Extracted data entries
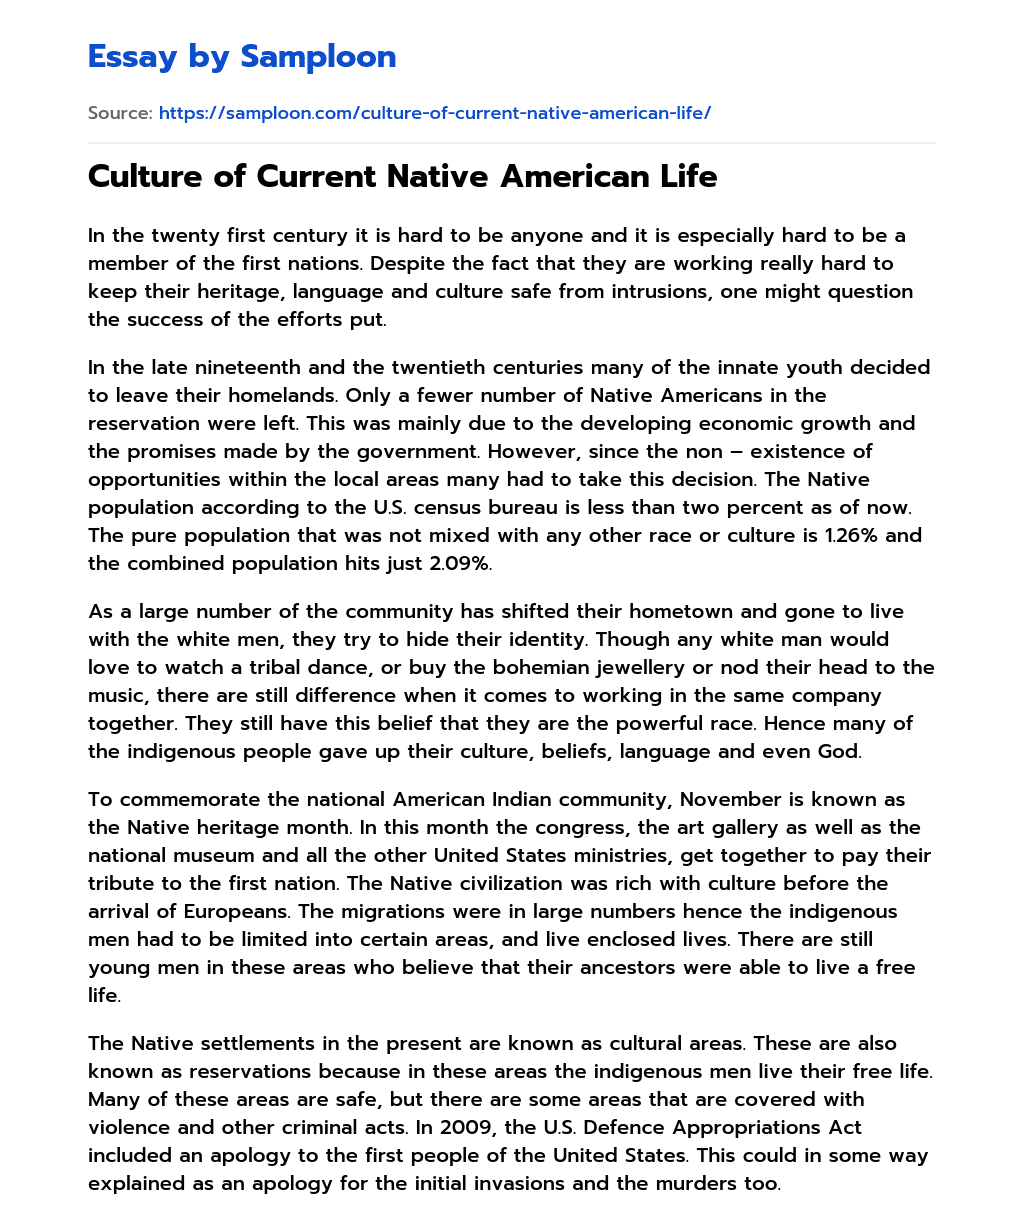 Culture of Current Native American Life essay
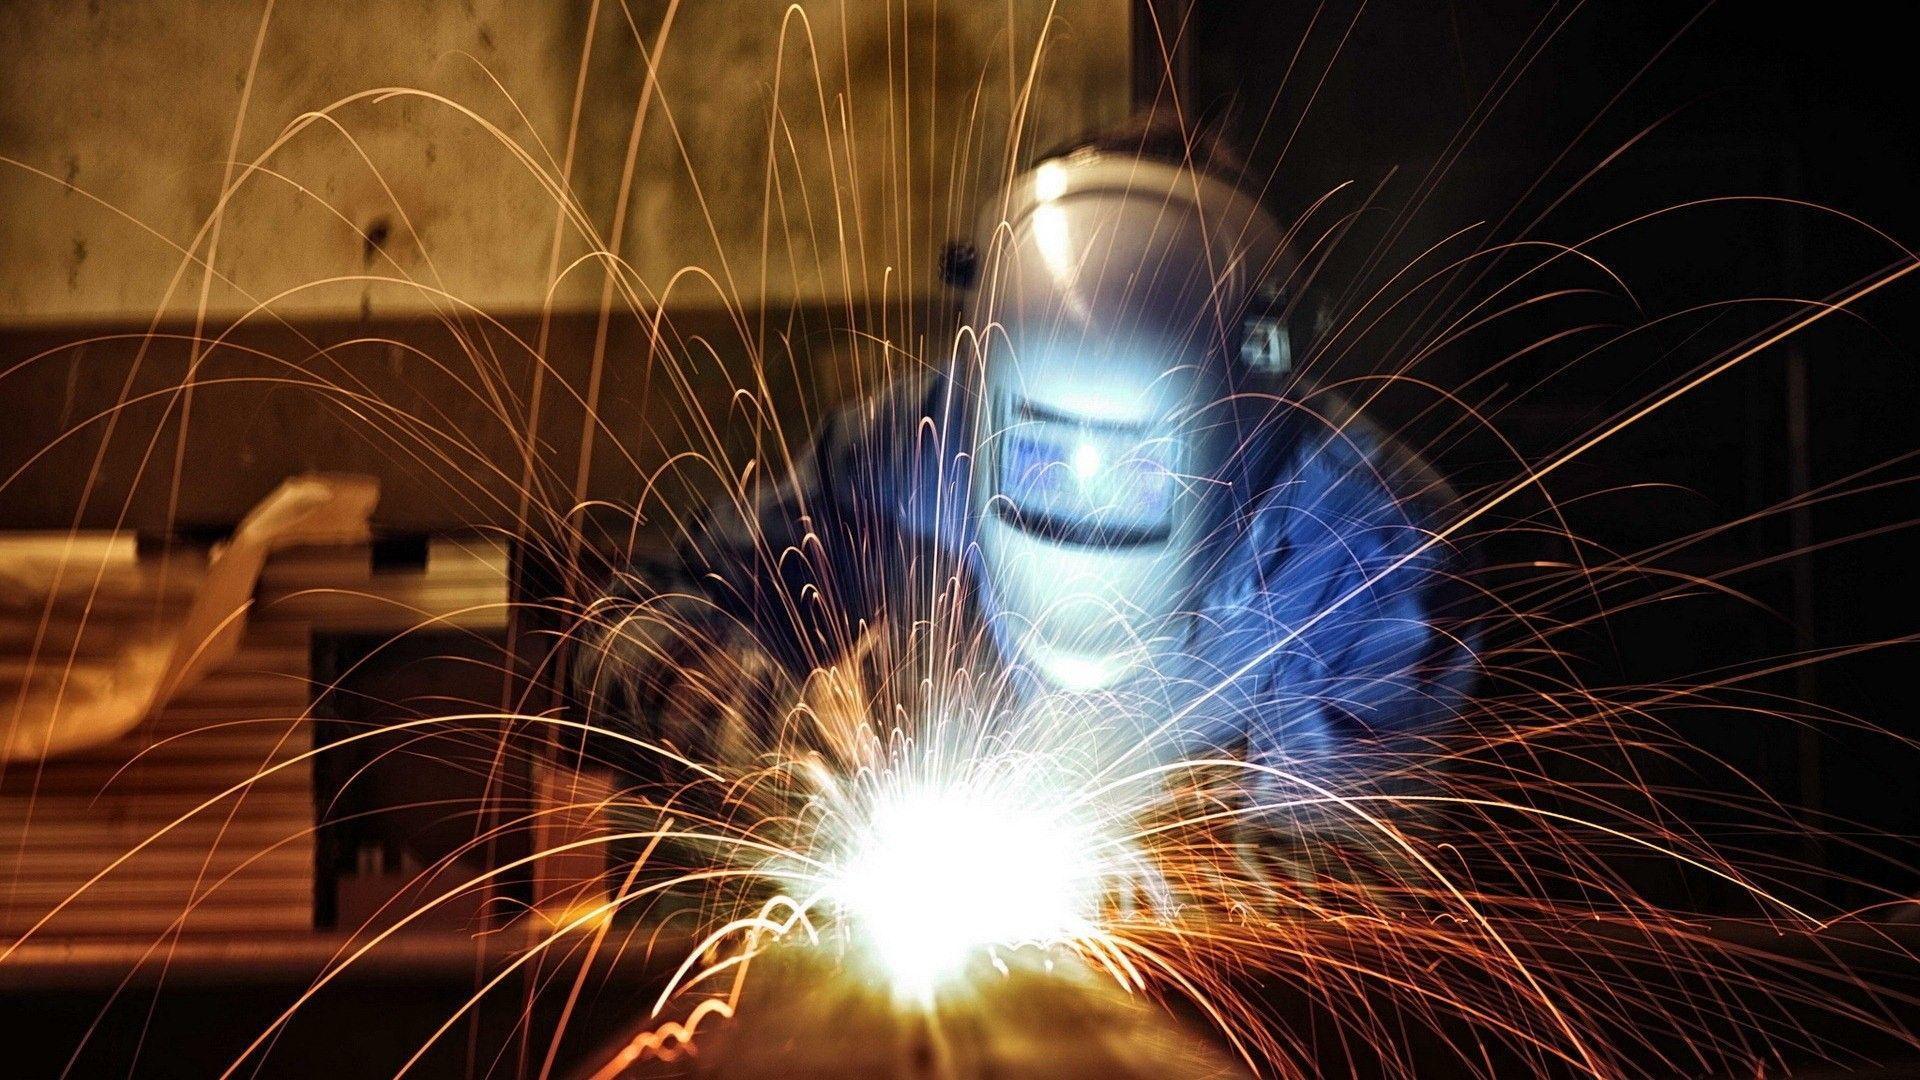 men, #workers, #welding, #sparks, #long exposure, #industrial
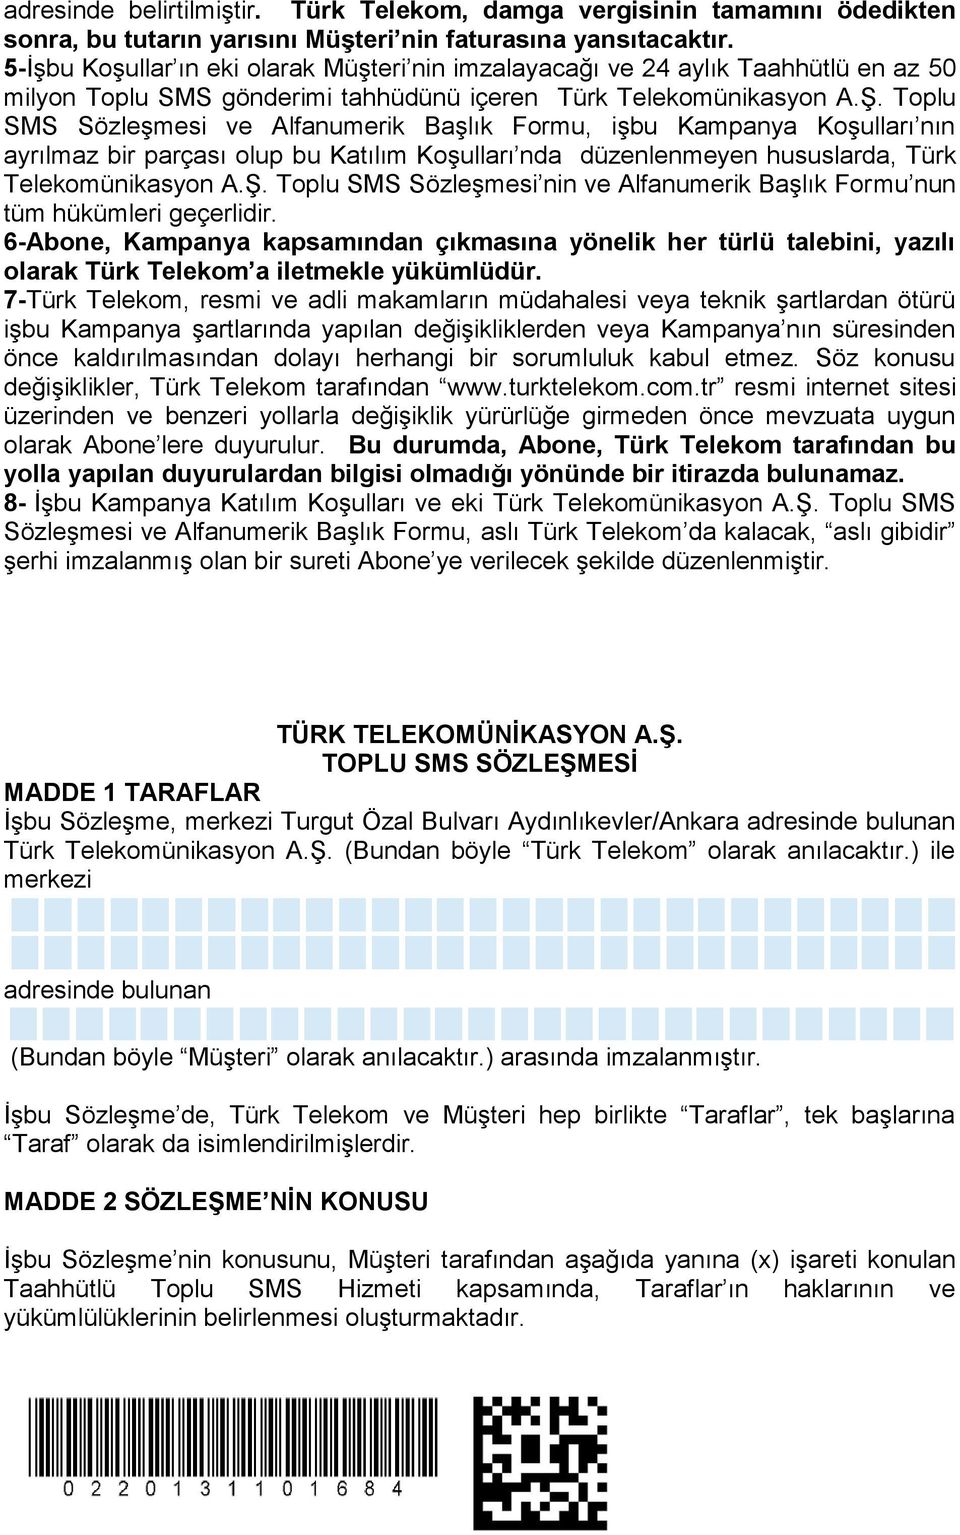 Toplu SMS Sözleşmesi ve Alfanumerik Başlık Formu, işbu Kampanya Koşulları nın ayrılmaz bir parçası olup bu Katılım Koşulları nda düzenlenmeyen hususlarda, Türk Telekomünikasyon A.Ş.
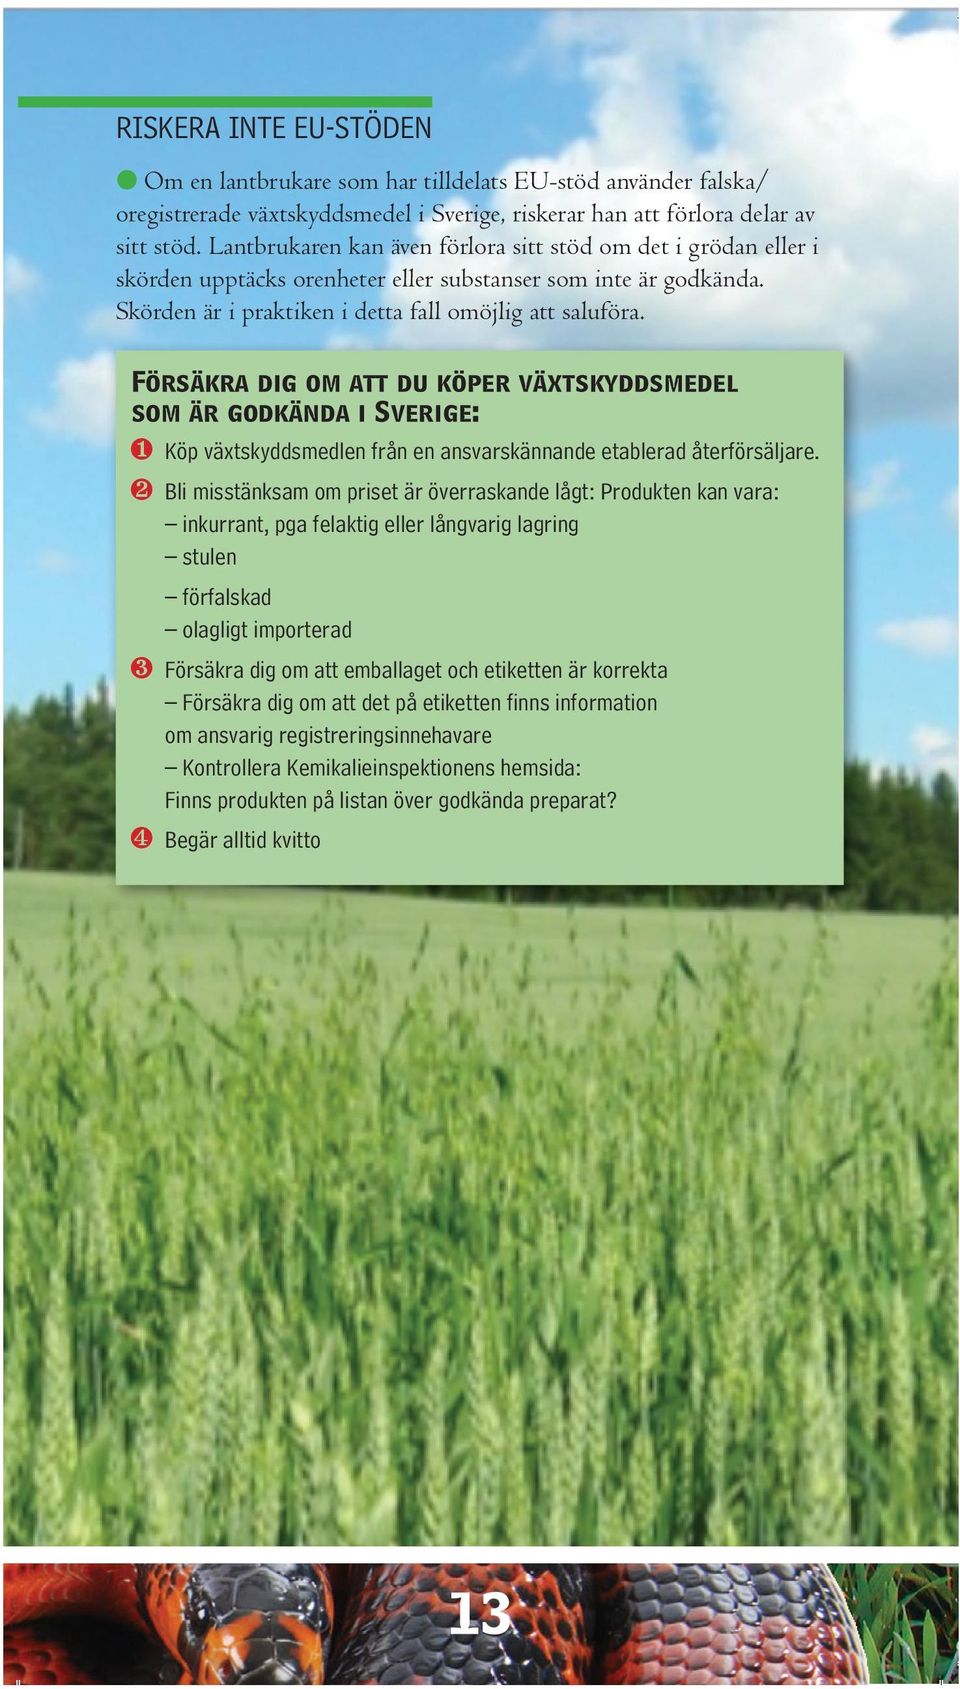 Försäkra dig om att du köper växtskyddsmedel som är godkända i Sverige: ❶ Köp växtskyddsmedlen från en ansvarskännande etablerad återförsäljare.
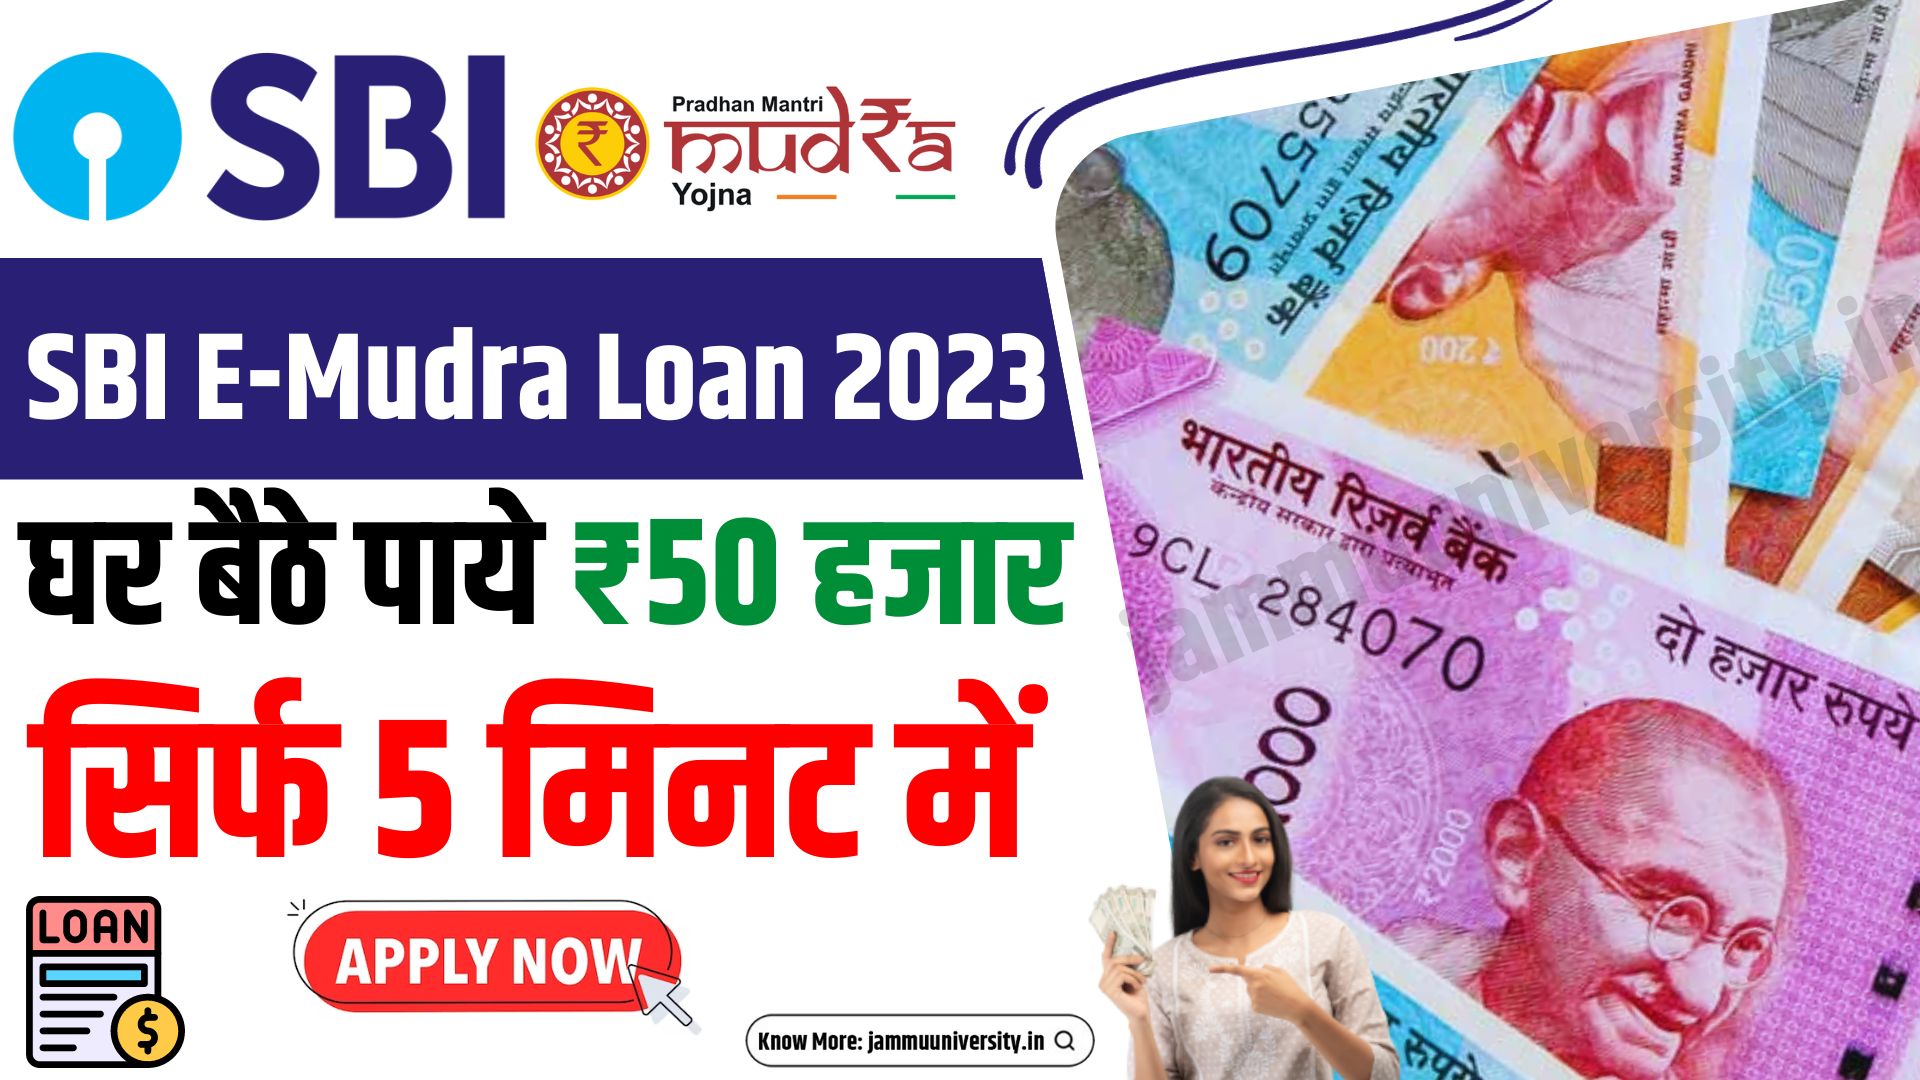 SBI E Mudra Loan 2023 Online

Problem: This calls for each record above to be set down exactly, with the images skipped.

Exercise response:
 Culture of Current Native American Life essay
 men, #workers, #welding, #sparks, #long exposure, #industrial
 Toplu SMS Sözleşmesi ve Alfanumerik Başlık Formu, işbu Kampanya Koşulları nın ayrılmaz bir parçası olup bu Katılım Koşulları nda düzenlenmeyen hususlarda, Türk Telekomünikasyon A.Ş.
 Försäkra dig om att du köper växtskyddsmedel som är godkända i Sverige: ❶ Köp växtskyddsmedlen från en ansvarskännande etablerad återförsäljare.
 SBI E Mudra Loan 2023 Online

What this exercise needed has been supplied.